EXHIBIT 99
SYSTEMAX INC.
AUDIT COMMITTEE CHARTER
The Audit Committee is appointed by the Board of Directors to assist the
Board in monitoring (1) the integrity of the financial statements of the
Company, (2) the compliance by the Company with legal and regulatory
requirements and (3) the independence and performance of the Company's internal
and external auditors.
The members of the Audit Committee shall meet the independence and
experience requirements of the New York Stock Exchange.
The Audit Committee shall have the authority to retain special legal,
accounting or other consultants to advise the Committee. The Audit Committee may
request any officer or employee of the Company or the Company's outside counsel
or independent auditor to attend a meeting of the Committee or to meet with any
members of, or consultants to, the Committee.
The Audit Committee shall make regular reports to the Board.
The Audit Committee shall:
1. Review and reassess the adequacy of this Charter annually and
recommend any proposed changes to the Board for approval.
2. Review the annual audited financial statements with management,
including major issues regarding accounting and auditing principles
and practices as well as the adequacy of internal controls that could
significantly affect the Company's financial statements.
3. Review any analysis prepared by management and the independent auditor
of significant financial reporting issues and judgements made in
connection with the preparation of the Company's financial statements.
4. Review with management and the independent auditor the Company's
quarterly financial statements prior to the filing of its Form 10-Q.
5. Meet periodically with management to review the Company's major
financial risk exposures and the steps management has taken or
proposes to take monitor and control such exposures.
6. Review major changes to the Company's auditing and accounting
principles and practices as suggested by the independent auditor,
internal auditors or management.
7. Recommend to the Board the appointment of the independent auditor,
which firm is ultimately accountable to the Audit Committee and the
Board.
8. Approve the fees to be paid to the independent auditor.
9. Receive periodic reports from the independent auditor regarding the
auditor's independence, discuss such reports with the auditor and, if
so determined by the Audit Committee, recommend that the Board take
appropriate action to satisfy itself of the independence of the
auditor.
10. Evaluate together with the Board the performance of the independent
auditor and, if so determined by the Audit Committee, recommend that
the Board replace the independent auditor.
11. Review the appointment and replacement of the senior internal auditing
executive.
12. Review the significant reports to management prepared by the internal
auditing department and management's responses.
13. Meet with the independent auditor prior to the audit to review the
planning and staffing of the audit.
14. Obtain from the independent auditor assurance that Section10A of the
Securities Exchange Act of 1934 has not been implicated.
15. Obtain reports from management, the Company's senior internal auditing
executive and the independent auditor that the Company's subsidiaries
and foreign affiliated entities are in conformity with applicable
legal requirements.
16. Discuss with the independent auditor the matters required to be
discussed by the Statement on Auditing Standards No. 61 relating to
the conduct of the audit.
17. Review with the independent auditor any problems or difficulties the
auditor may have encountered and any management letter provided by the
auditor and the Company's response to that letter.

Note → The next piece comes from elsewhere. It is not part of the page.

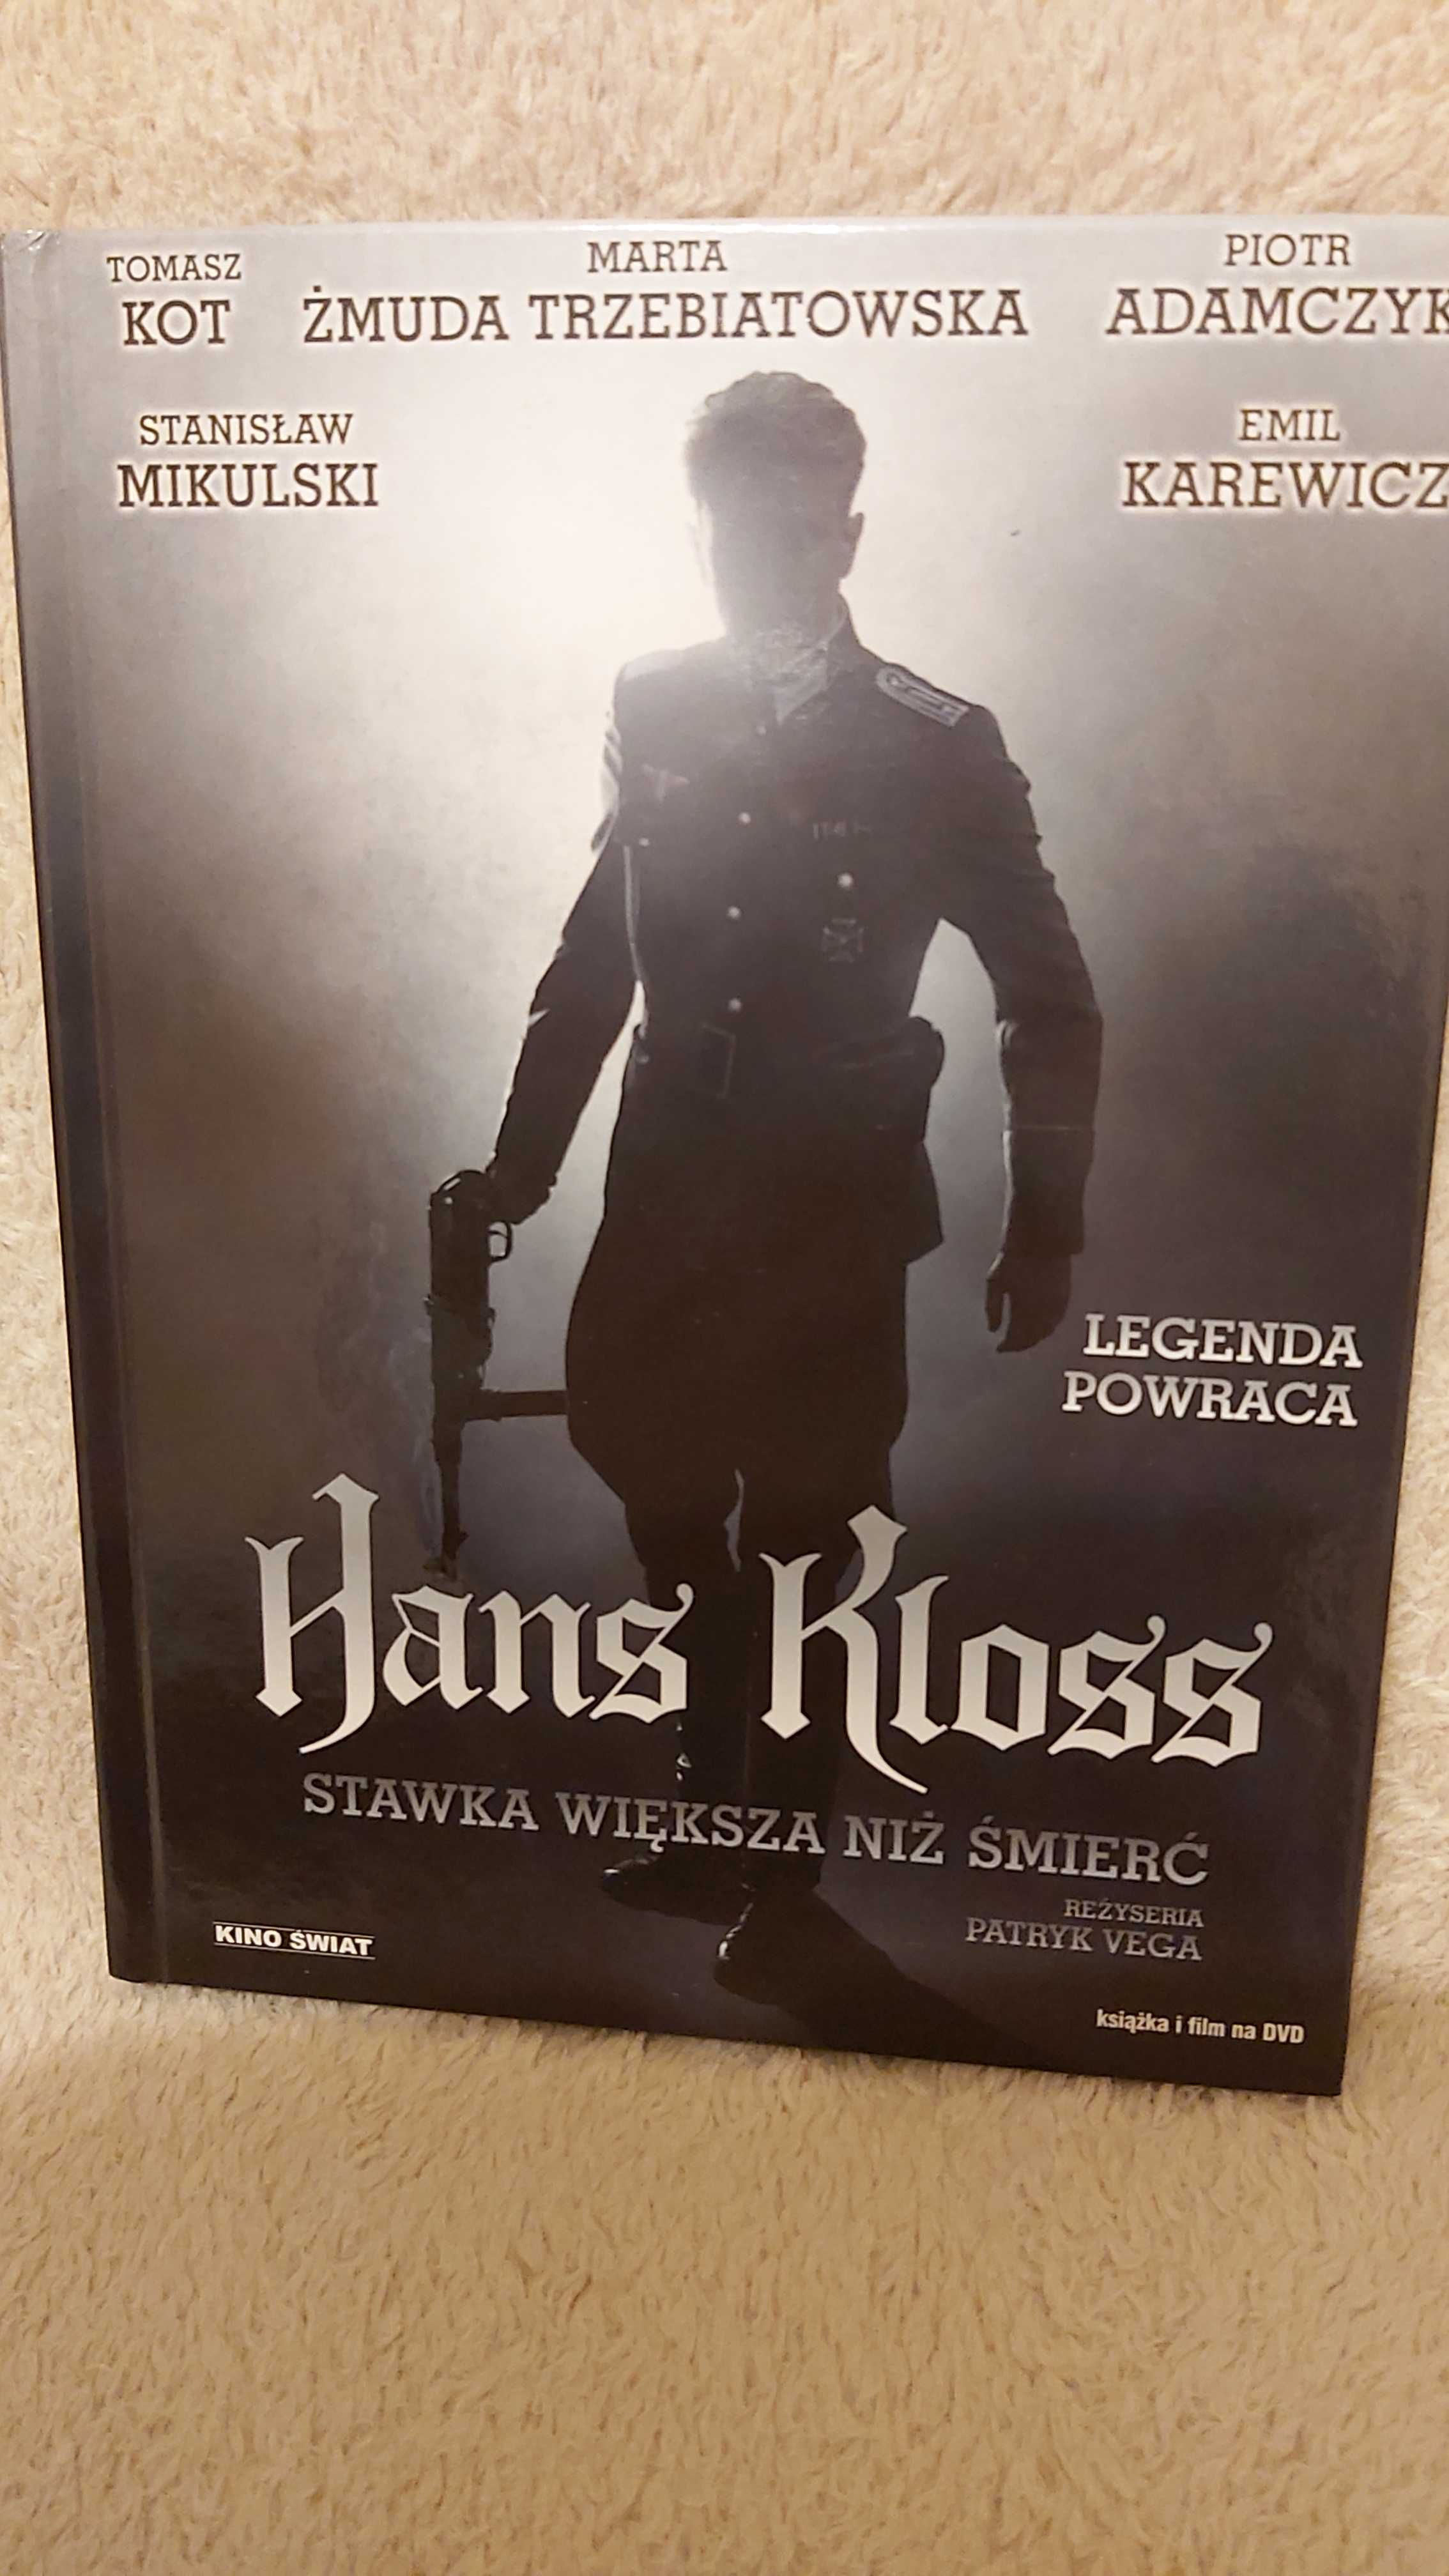 Film DVD "Hans Kloss Stawka większa niż śmierć" wydanie z książeczkąm

Such review should
include:
(a) Any difficulties encountered in the course of the audit work,
including any restrictions on the scope of activities or access
to required information.
(b) Any changes required in the planned scope of the internal audit.
(c) The internal audit department responsibilities, budget and
staffing.
18. Prepare the report of the Audit Committee required by the rules of the
Securities and Exchange Commission to be included in the Company's
annual proxy statement.
19. Advise the Board with respect to the Company's policies and procedures
regarding compliance with applicable laws and regulations and accepted
business practices and ethics.
20. Review with the Company's General Counsel legal matters that may have
a material impact on the financial statements, the Company's
compliance policies and any material reports or inquires received from
regulators or governmental agencies.
21. Meet at least annually with the chief financial officer, the senior
internal auditing executive and the independent auditor in separate
executive sessions.
While the Audit Committee has the responsibilities and powers set forth in
this Charter, it is not the duty of the Audit Committee to plan or conduct
audits or to determine that the Company's financial statements are complete and
accurate and are in accordance with generally accepted accounting principles.
This is the responsibility of management and the independent auditor. It is also
not the duty of the Audit Committee to conduct investigations, to resolve
disagreements, if any, between management and the independent auditor or to
assure compliance with laws and regulations.